Subsurface Aquifers in Antarctica Could Help Scientists Understand Alien Life Elsewhere in Universe
ByScientists discovered a subsurface aquifer on Earth that could help them understand how alien life could be supported elsewhere in the universe.
According to Discovery News, authors of a study published in the journal Nature Communications detailed a briny liquid found beneath the surface of an Antarctic valley. Studying the area from above, the researchers determined the aquifers were about 1,000 below the surface.
"It may change the way people think about the coastal margins of Antarctica," Jill Mikucki, an assistant professor of microbiology at the University of Tennessee, Knoxville, said in a press release. "We know there is significant saturated sediment below the surface that is likely seeping into the ocean and affecting the productivity of things that feed ocean food webs. It lends to the understanding of the flow of nutrients and how that might affect ecosystem health."

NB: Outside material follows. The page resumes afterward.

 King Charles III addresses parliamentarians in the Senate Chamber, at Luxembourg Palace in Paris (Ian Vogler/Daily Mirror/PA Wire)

The researchers also determined the bodies of water to host some kind of life forms, possibly relating them to subsurface lakes spotted on other moons and planets in the Solar System.

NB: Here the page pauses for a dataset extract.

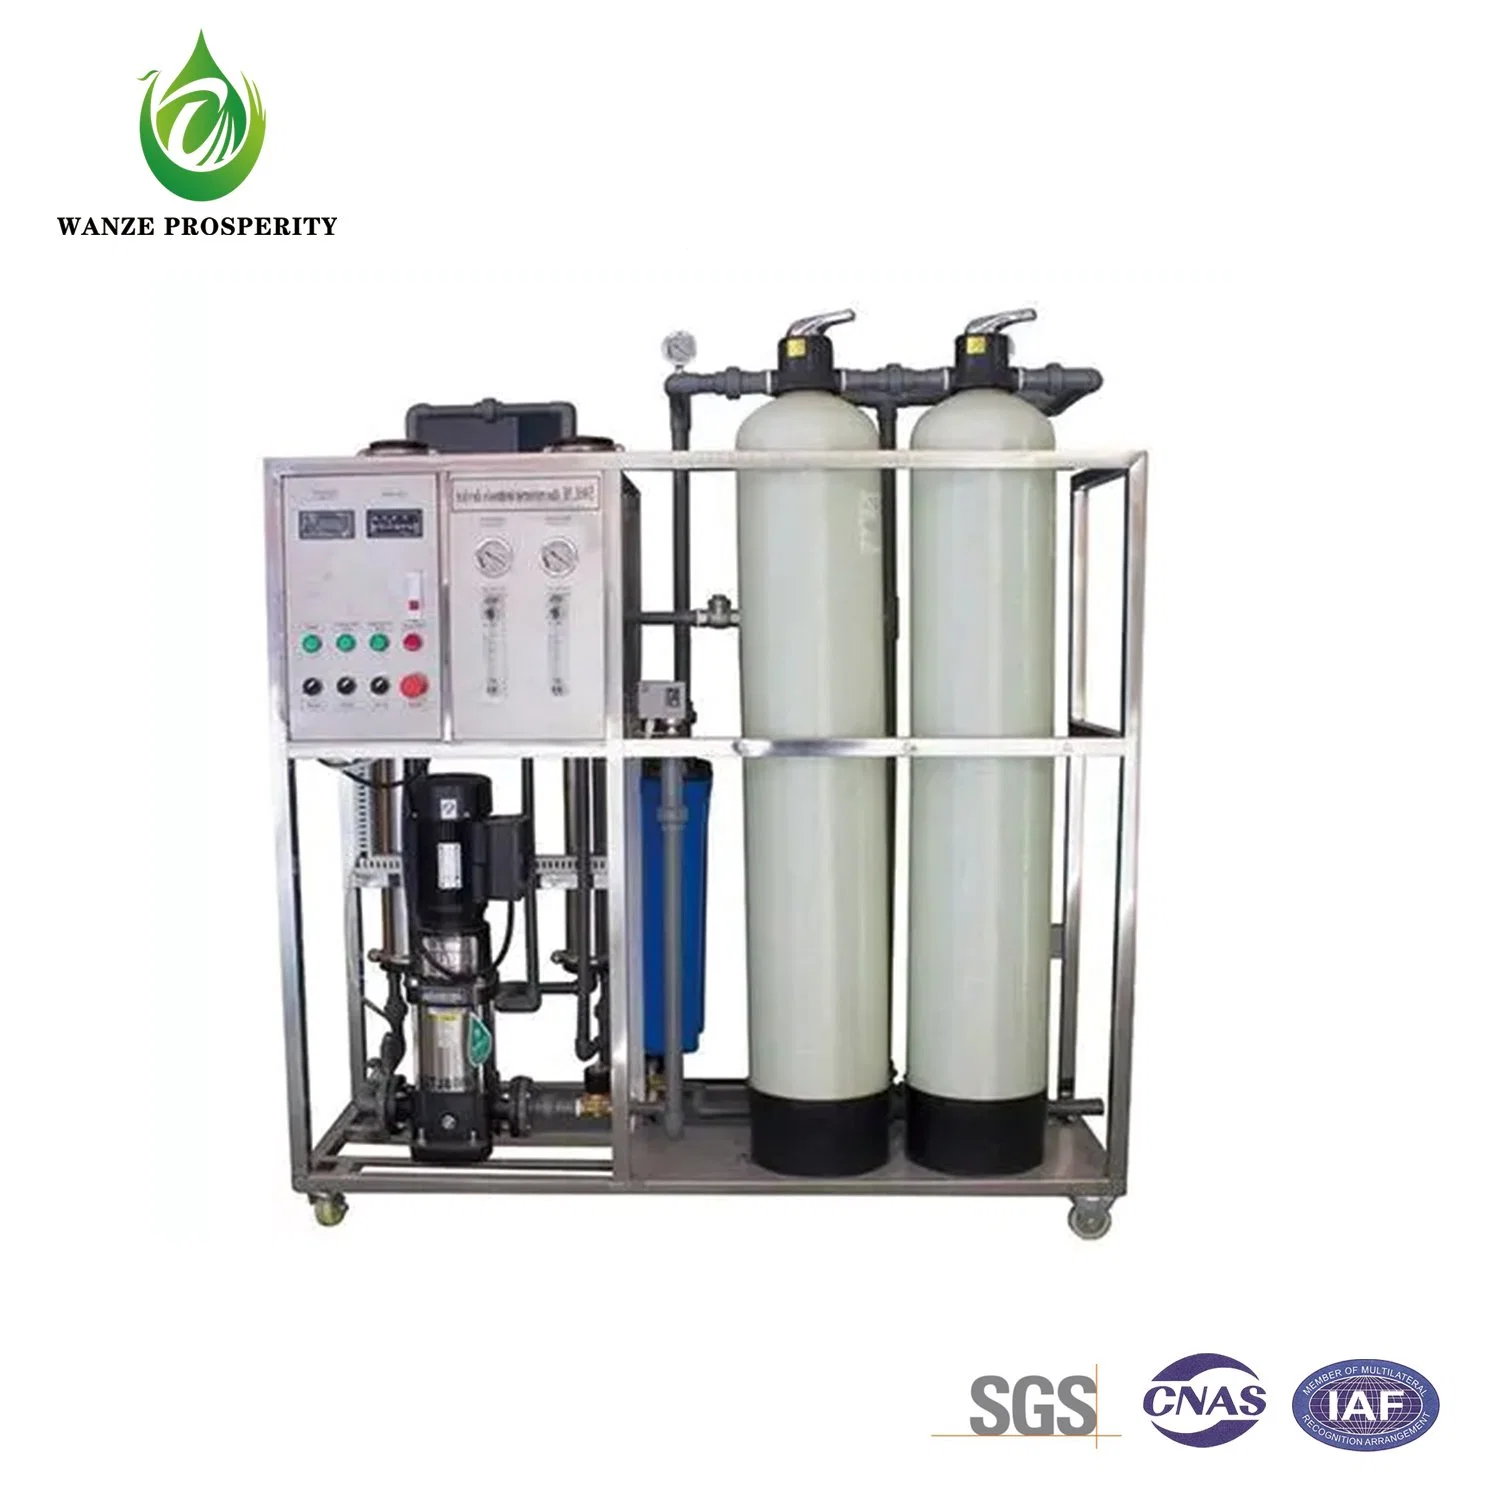 Reverse Osmosis Equipment for Small Marine Seawater Desalination Filters

"It suggests that this ecosystem is extensive and connected. There could be a very, very large subsurface habitable environment throughout the Antarctic regions," study co-author Ross Virginia, an ecosystem ecologist at Dartmouth College, told Discovery News. "One of the big questions now is this finding regionally specific, or are there many locations in Antarctica where we have conditions that have created these subsurface environments for life."
NASA's Curiosity rover currently exploring Mars has returned a trove of evidence that would suggest the Red Planet could host microbial life. Scientists now have enough to say the planet was once covered mostly in water, like the Earth.
"The subsurface aquifers that we've been looking at in the (Antarctic) are potential analogs to understanding Mars systems," Mikucki told Discovery News. "We still have a lot to learn about these dry valley aquifer systems, but they appear to be related to climate changes."